Introduction: Transplantation of endogenous cardiac progenitors into the infarcted heart is currently being examined as a cell–based therapy to reverse tissue damage.   Early stem cell loss and limited regenerative capacity reduces the efficacy of cell types currently used for cell based treatment. We tested the hypothesis that a novel population of early cardiovascular stem cells isolated from cardiac tissue will facilitate cardiac regeneration after myocardial infarction.
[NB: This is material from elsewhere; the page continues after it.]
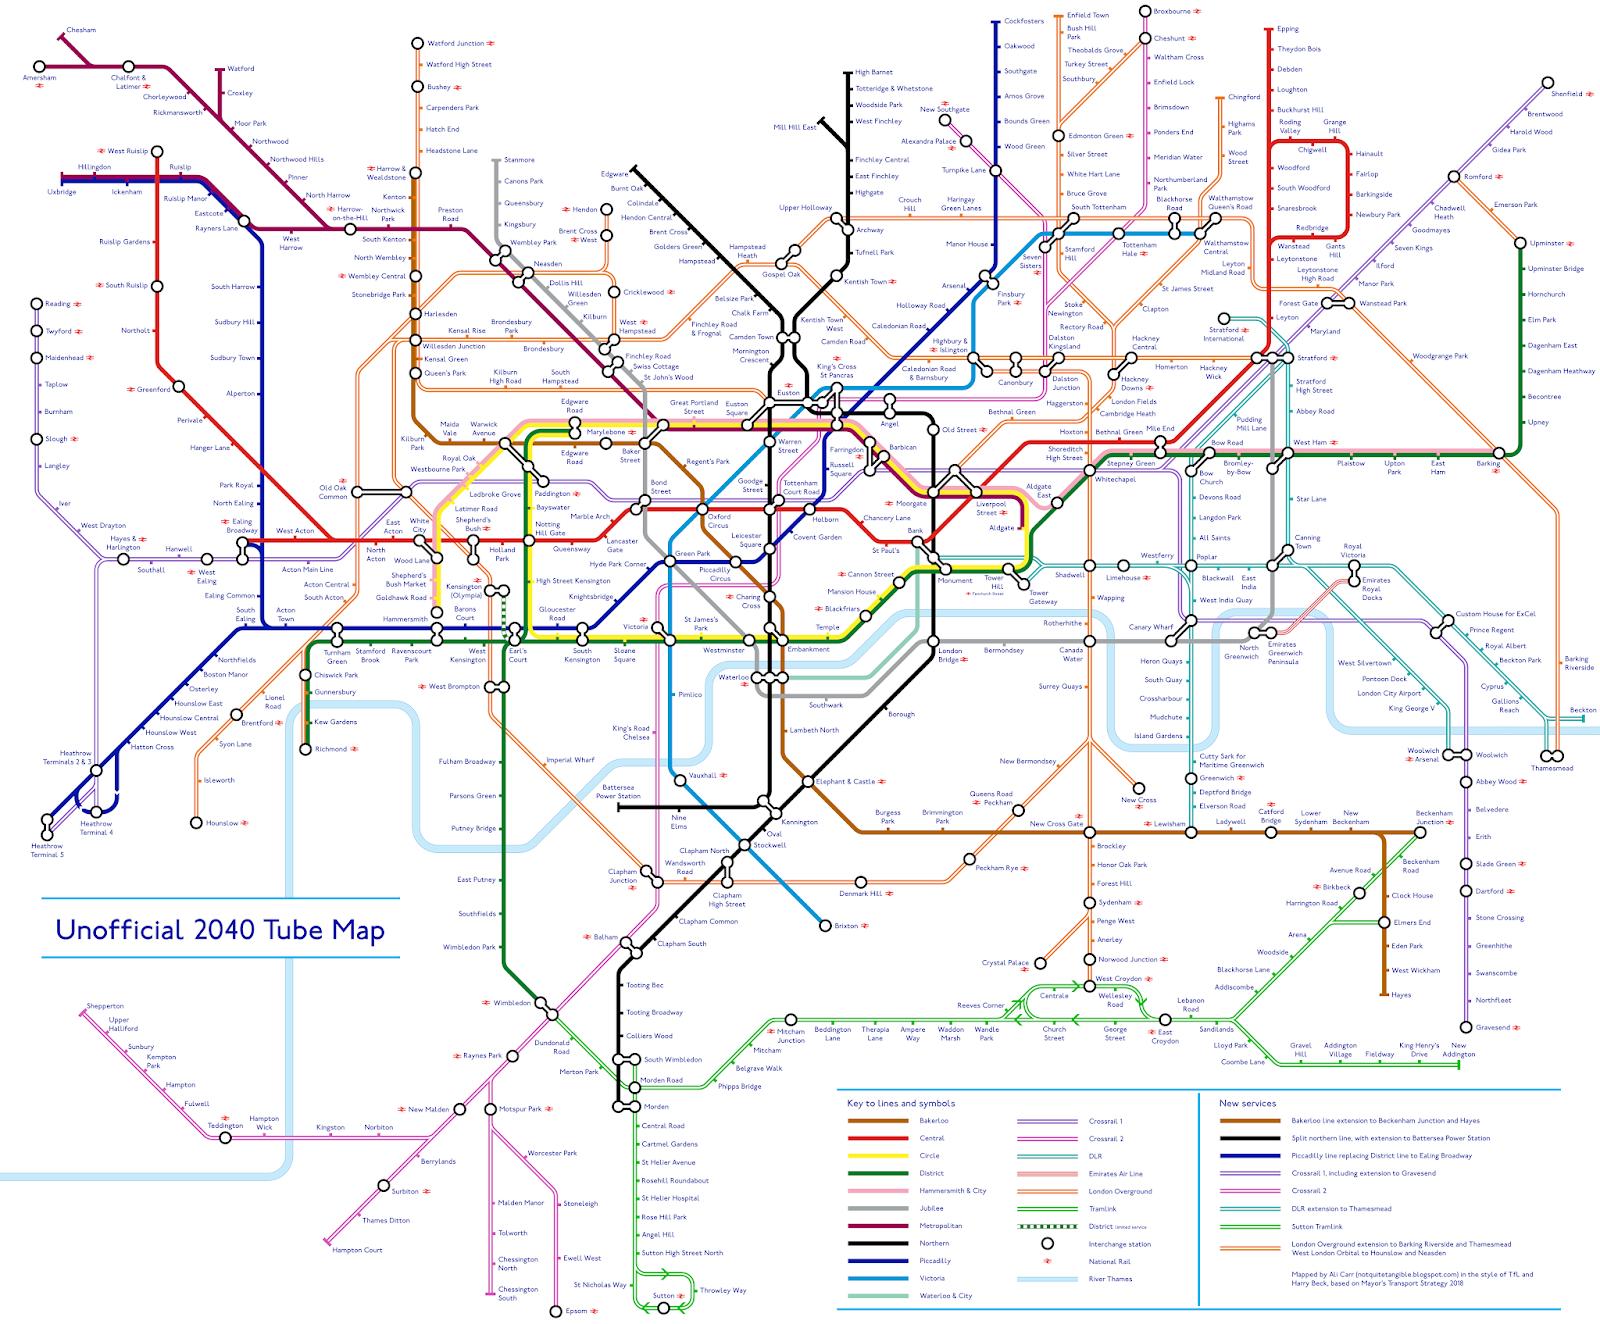 2040 Tube Map

Materials & Methods: Cardiovascular progenitor cell clones expressing Isl-1, mesp-1, brachyury, c-kit, and SSEA1  were isolated from neonatal humans and a comparable population was isolated from neonatal Suffolk sheep for use in an allotransplantation model of stem cell-based cardiac repair. A myocardial infarction was introduced by LAD coronary artery ligation. Ten million neonatal sheep cardiovascular progenitor cells were labeled for tracking and introduced as a clonal population by direct cardiac injection at 3-4 weeks post-myocardial infarction. Cardiovascular progenitor cell retention was quantified two months post-injection, and immunostaining was done to assess stem cell retention, proliferation, and differentiation after transplantation in vivo. PCR was used to identify paracrine factors released during cardiovascular repair. Functional changes were assessed by echocardiogram.
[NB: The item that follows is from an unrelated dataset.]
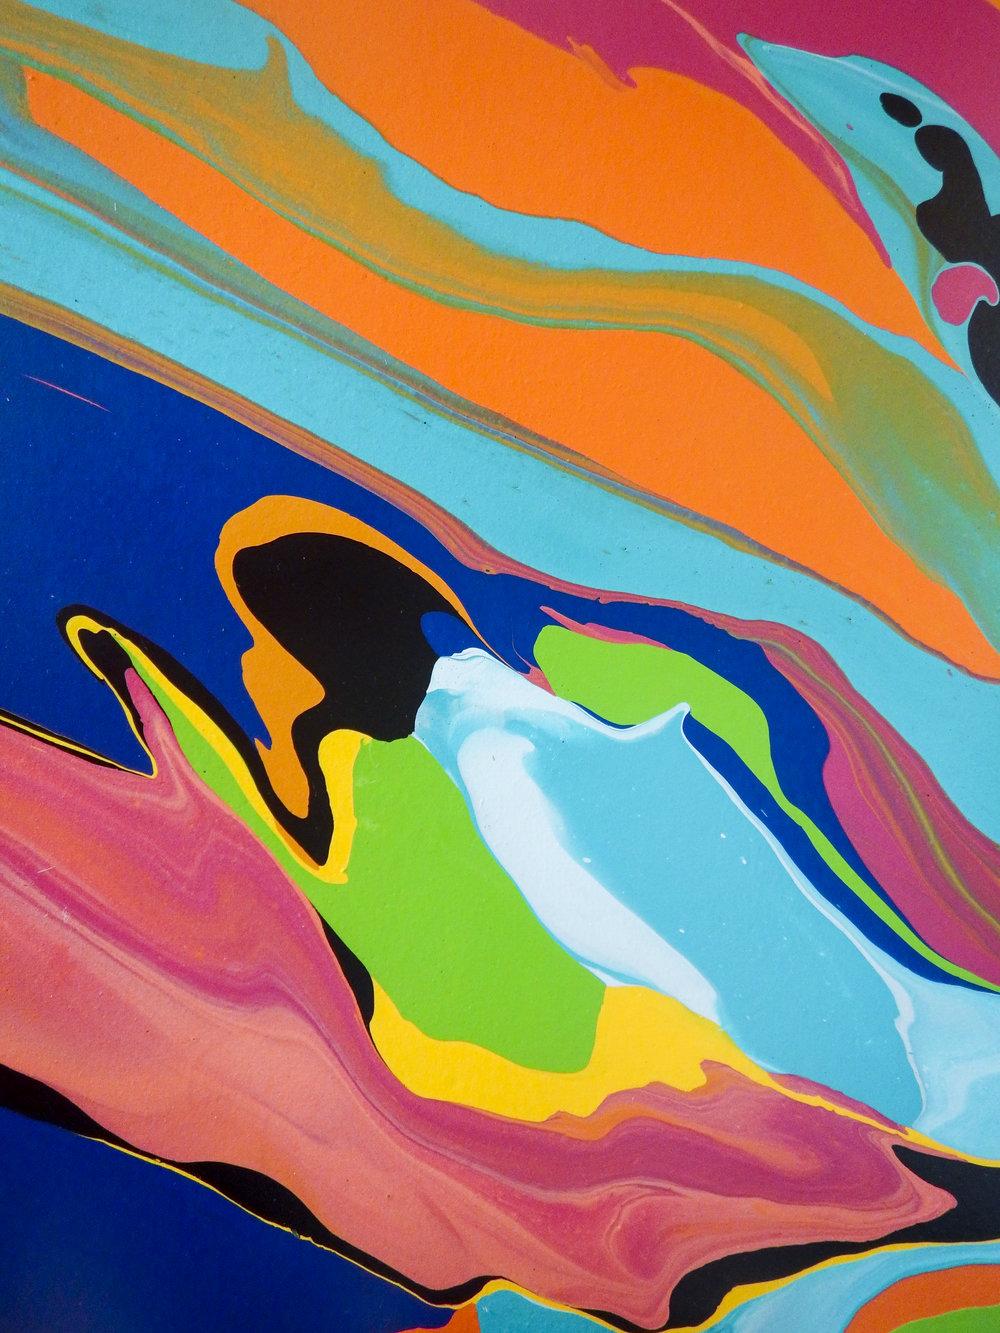 22 x 28  Latex Paint on Canvas  2018

Results: Cardiovascular progenitor cells survived, proliferated and differentiated in vivo into cardiac myocytes and endothelial cells at the site of repair following myocardial infarction. Donor cells that were retained in the infarct zone at two months post-transplant were quantified and included newly introduced cardiovascular progenitor cells that continued to divide.  Differentiation into cardiomyocytes and endothelial cells was also quantified by dual immunostaining. The majority of progenitor cells differentiated into cardiomyocytes whereas the elevated number of endothelial cells localized at the site of repair were predominantly host-derived, suggesting that endothelial cells in the regenerating area are recruited in response to paracrine factors. Transcripts encoding VEGF, CXCL12, IGF-1 and HGF were induced. Notch and AKT signaling were elevated and a significant improvement in ejection fraction and fractional shortening was shown two months after allogeneic cardiovascular progenitor cell transplantation in this model.
Conclusion: Neonatal islet-1+ early cardiovascular progenitor cells co-expressing mesp-1, brachyury, c-kit, and SSEA1  are retained, divide and differentiate when introduced for cardiac repair in vivo and can be isolated and rapidly expanded from cardiovascular tissue. Clonal populations with these markers represent a promising cell type for cardiac repair.